Using libc5 on Redhat 5.0 and profiling
Jeffrey A Law
law@cygnus.com
Wed Jun 23 02:20:00 GMT 1999
> I made egcs do this by configuring it as a cross compiler (see below)
> However, now when I try to use the -pg option, the link fails (the
> compile works fine):
Either the system should have shipped libgmon, or the glibc1 support in egcs
is broken.
> Is there a way to get libgmon?
Not a clue. HJ, what is the store with libgmon & this code from linux.h:
/* We no longer link with libc_p.a or libg.a by default.
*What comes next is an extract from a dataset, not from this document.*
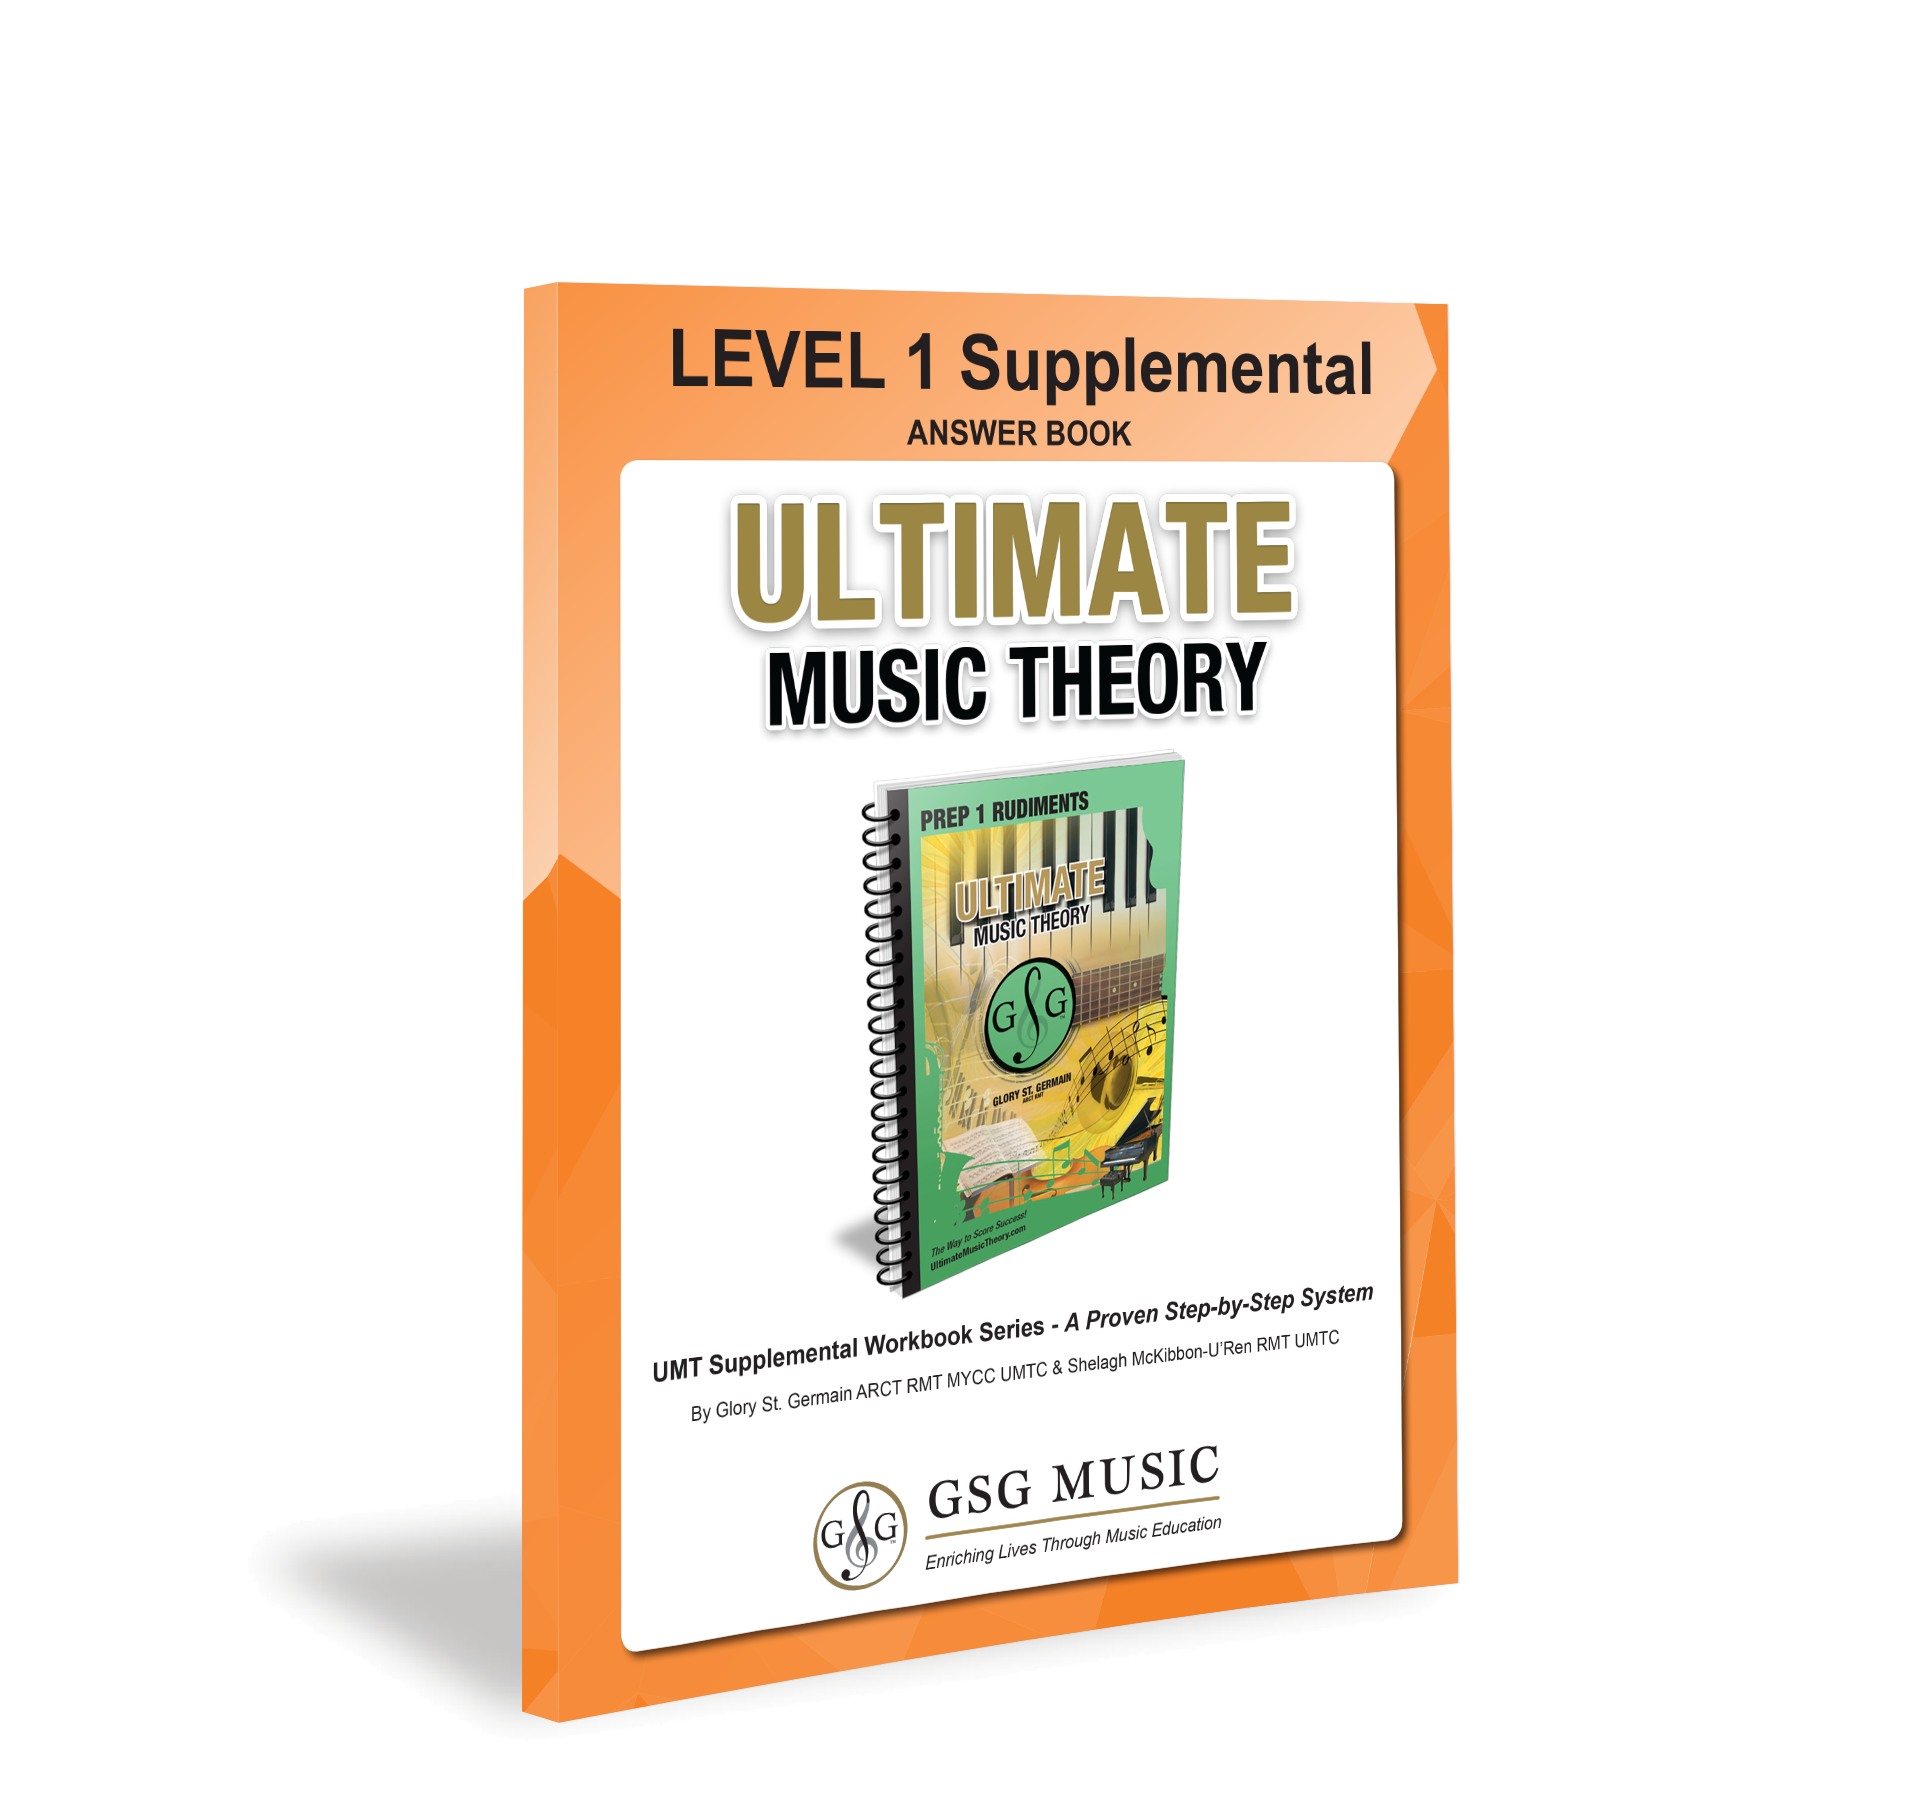 LEVEL 1 Supplemental Answers Download

If you
want to profile or debug the GNU/Linux C library, please add
-profile or -ggdb to LDFLAGS at the link time, respectively. */
#if 1
#ifdef USE_GNULIBC_1
#define LIB_SPEC \
"%{!shared: %{p:-lgmon} %{pg:-lgmon} %{profile:-lgmon -lc_p} \
%{!profile:%{!ggdb:-lc} %{ggdb:-lg}}}"
#else
#define LIB_SPEC \
"%{shared: -lc} \
%{!shared: %{mieee-fp:-lieee} %{pthread:-lpthread} \
%{profile:-lc_p} %{!profile: -lc}}"
#endif
> It seems that a native compiler does
> not even need this library.
Correct. Or more correctly glibc2 based systems do not need libgmon.
> Is there a way to make egcs understand that
> my cross compiler really is a native compiler? Or perhaps my approach
> to making a libc5 compiler is wrong?
Not really since the the need for gmon seems to be triggered by using libc5 and
you need to build & link against libc5 headers & libraries.